THE DATA |
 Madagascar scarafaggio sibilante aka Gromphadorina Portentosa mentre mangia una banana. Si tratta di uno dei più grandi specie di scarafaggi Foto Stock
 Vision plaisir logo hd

==

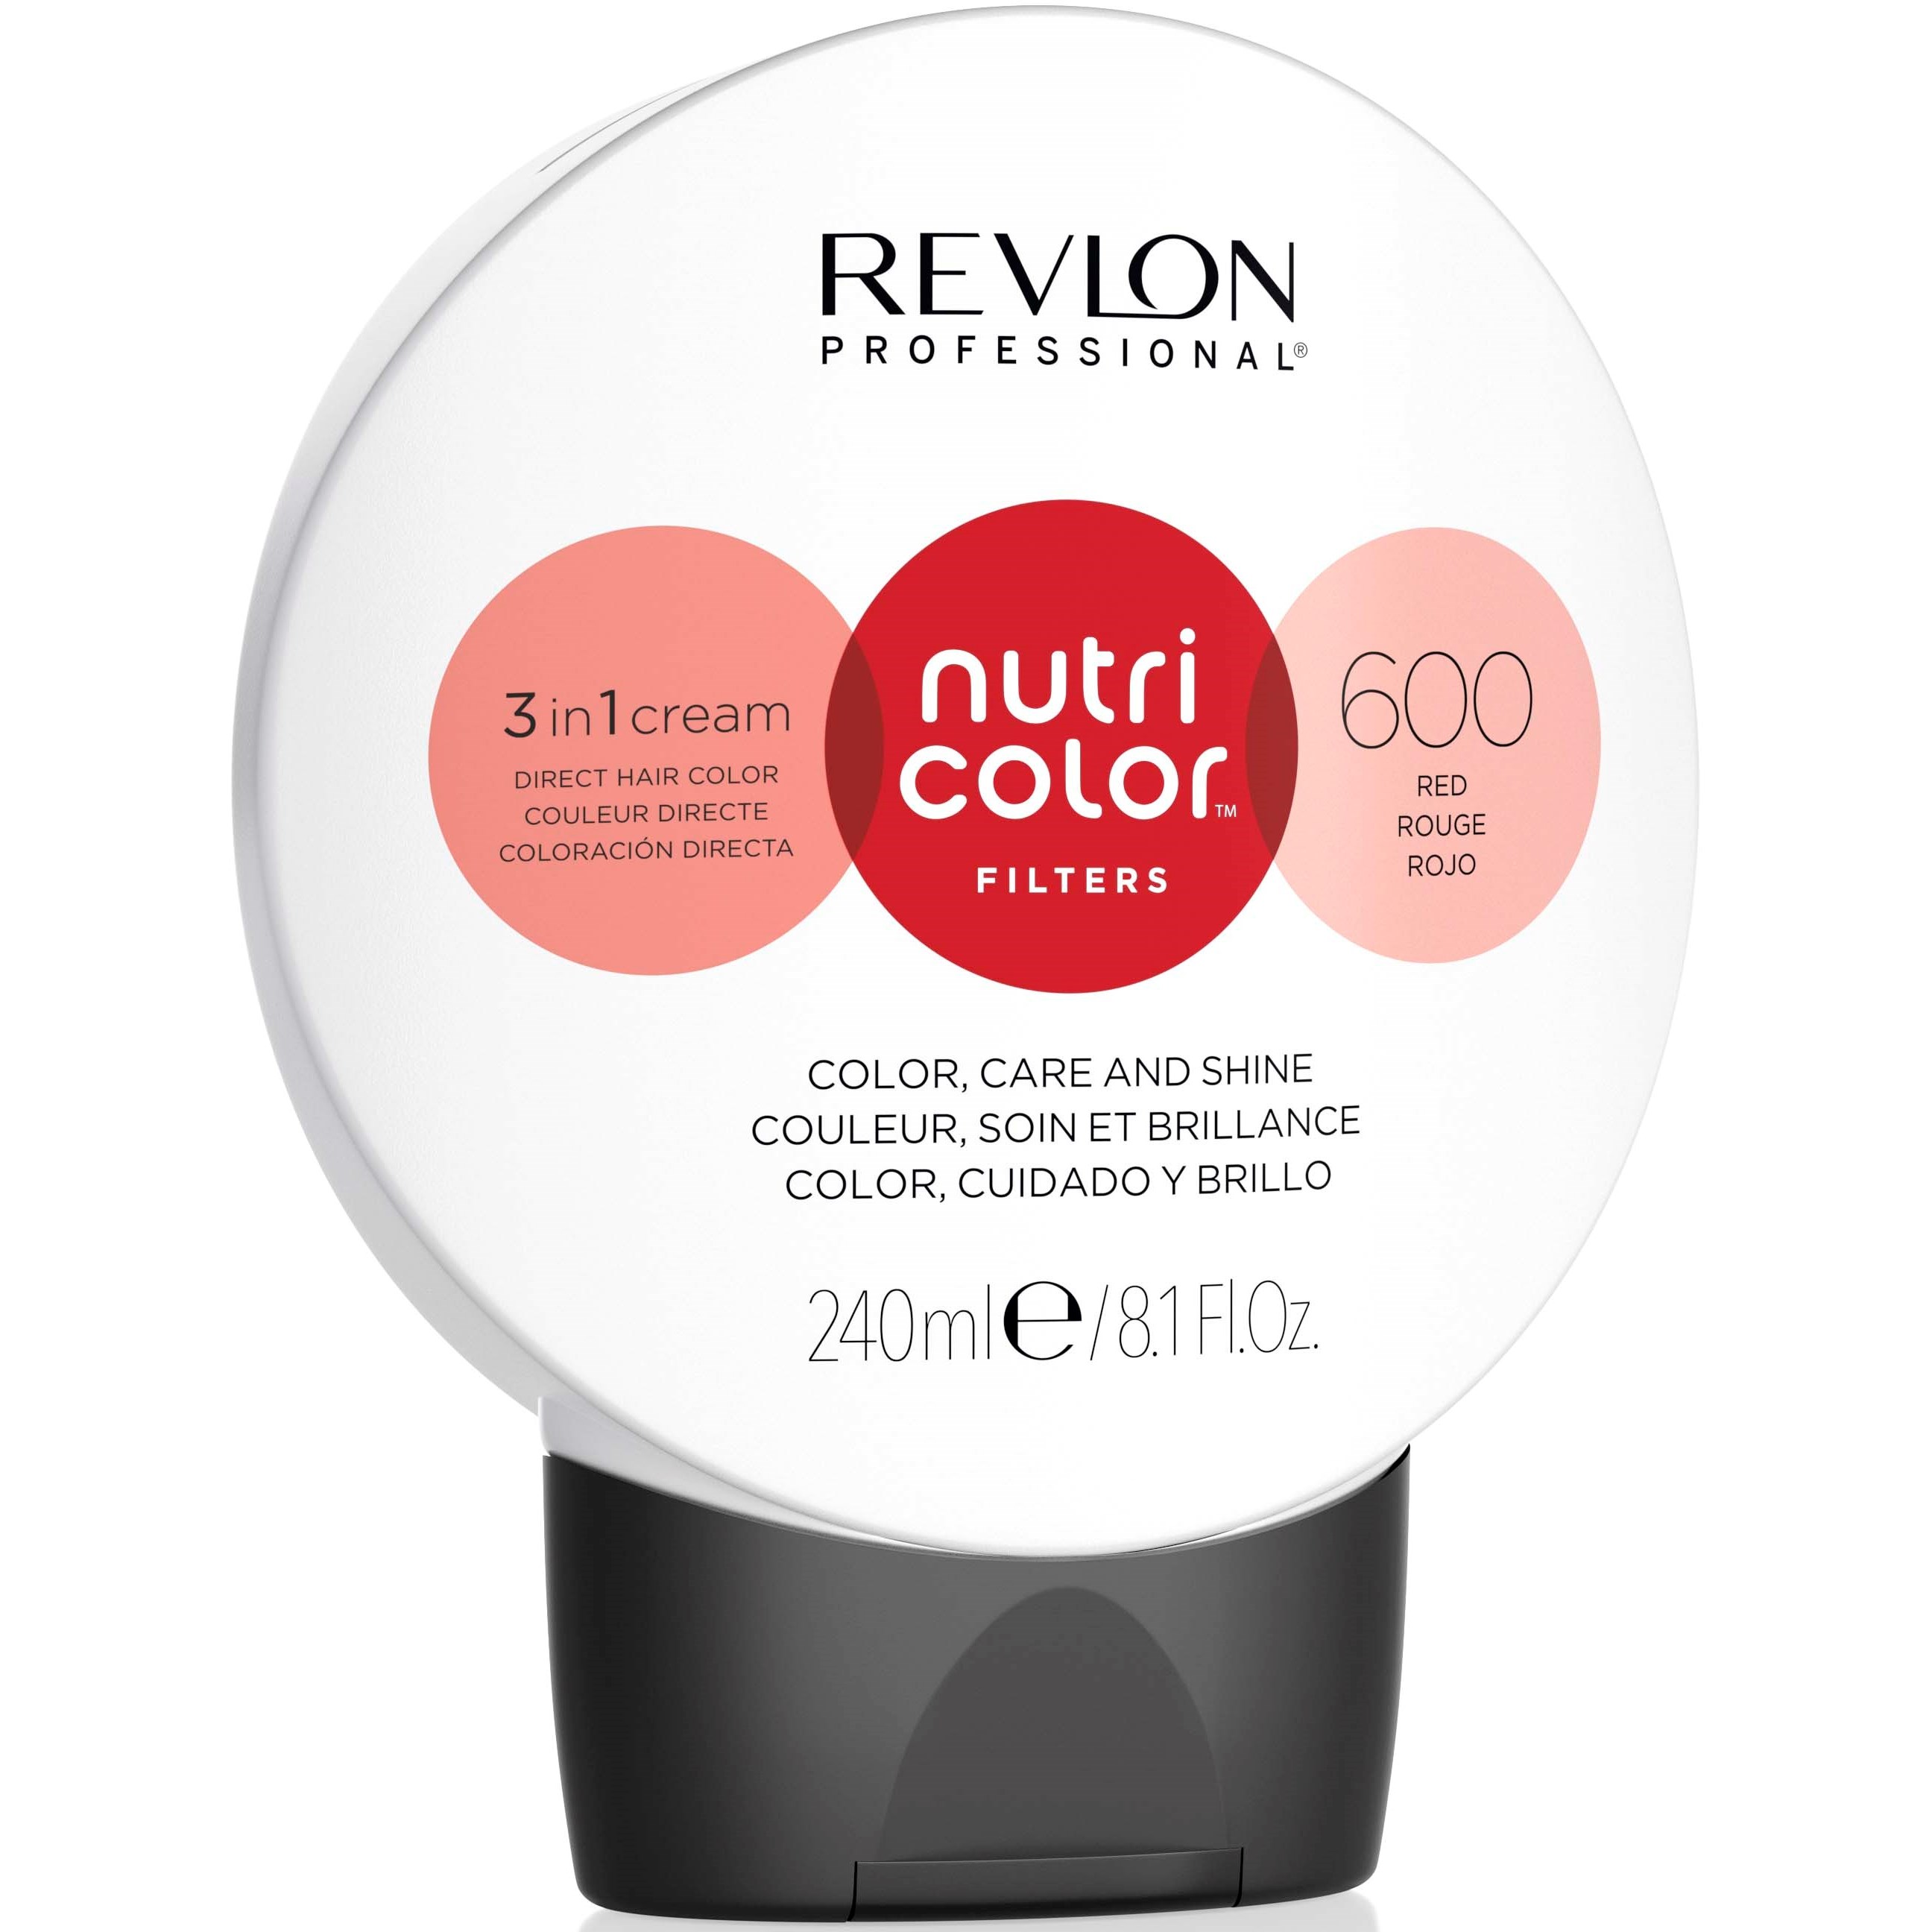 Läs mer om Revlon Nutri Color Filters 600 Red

EXERCISE INSTRUCTIONS | In the entries above, the lines from the one bearing "Madagascar scarafaggio sibilante" up to and including the one bearing "Vision plaisir logo hd" should be transcribed exactly; no other line is wanted.

SOLUTION TO THIS PROBLEM |
 Madagascar scarafaggio sibilante aka Gromphadorina Portentosa mentre mangia una banana. Si tratta di uno dei più grandi specie di scarafaggi Foto Stock
 Vision plaisir logo hd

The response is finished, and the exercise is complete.